EAPS Study Identifies Source of ‘Crater Equilibrium’
Writer(s): Logan Judy
After several years of study, one thing is clear about the lunar surface: it is a very dynamic environment that changes over time. One example of this can be seen in the way that small craters degrade at the same rate as they form, keeping the number of small craters on the lunar surface constant over time. This equilibrium between the formation and degradation of craters also makes it difficult to judge the scale of close up images of the lunar surface. Despite decades of study, this equilibrium phenomenon has not been well-explained.
EAPS scientists have taken a crucial step in solving this problem in a publication authored by Dr. David Minton and coauthored by EAPS undergraduate student Bryan Howl. The paper, published in Icarus, uses mathematical models and computer simulation of the lunar surface to account for variables that can help make more sense of the lunar surface. According to Dr. Minton, The key finding from the study was the importance of ejecta, tiny pieces of the lunar surface that are thrown out during crater formation.

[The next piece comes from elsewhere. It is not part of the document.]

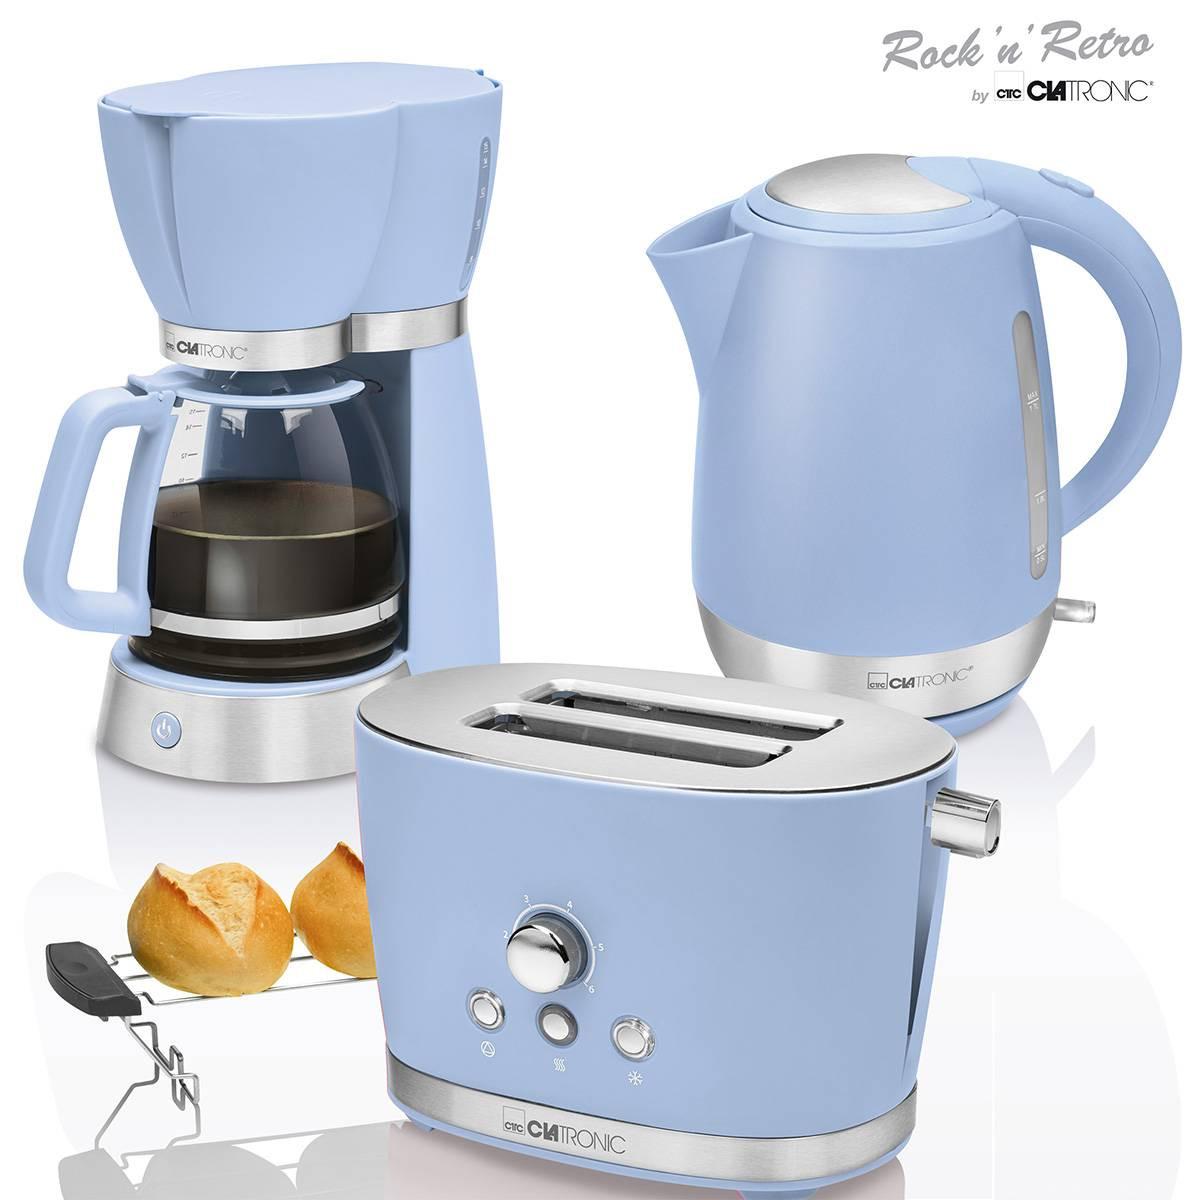 Clatronic Vintage - Set Desayuno, Cafetera 15 tazas, Tostadora 2 rebanadas, Hervidor de agua 1,7 litros, azul pastel, series Rock & Retro

“The formation of each new crater degrades the old craters in a particular way, and we show that it is related to how the very numerous fragments of ejected material thrown at great distances by each and every new crater cause tiny amounts of degradation of all the craters that came before it,” Dr. Minton said. “The ejecta are very small by themselves, but collectively, they dominate the evolution of the lunar surface.”
These findings have implications for other areas of lunar research, as well. Dr. Minton anticipates their new model contributing to understanding the very earliest period of lunar history, when the bombardment rate was many times higher than it is in the present day. The findings may also shed light on the interpretation of lunar samples, a vital scientific endeavor that is, at times, surrounded by several unknowns.
“This is like one piece in a big puzzle. We try to understand this one problem, and then expand out to tackle more complicated problems,” Dr. Minton said. “One longstanding problem is that without knowing how this works, it’s hard to interpret the samples we bring back from the Moon. Astronauts pick up a piece of rock or soil or boulder off of the surface of the Moon, and we don’t really know the history of that sample, how many times it has been mixed and turned. By using this new information, we can begin to understand what those samples have experienced, as well as the Moon’s early history.”
Understanding the Moon’s early history can also aid in understand the early history of the Earth. Due to terrestrial environmental factors such as the atmosphere, plate tectonics, and other natural processes, elements of the planet’s early history is obscured. The absence of many of those elements on the Moon makes study of certain elements of the early solar system more attainable.
“The Moon is a witness plate to early solar system history,” Dr. Minton said. “By going to the Moon and studying the Moon, we get insight into what the Earth was like in its early days that we can’t get on the Earth itself.”
This research was supported by the NASA Lunar Data Analysis Program, and included collaborators from the NASA Marshall Space Flight Center, Auburn University, and the Planetary Science Institute. The article can be accessed online at the publication's website.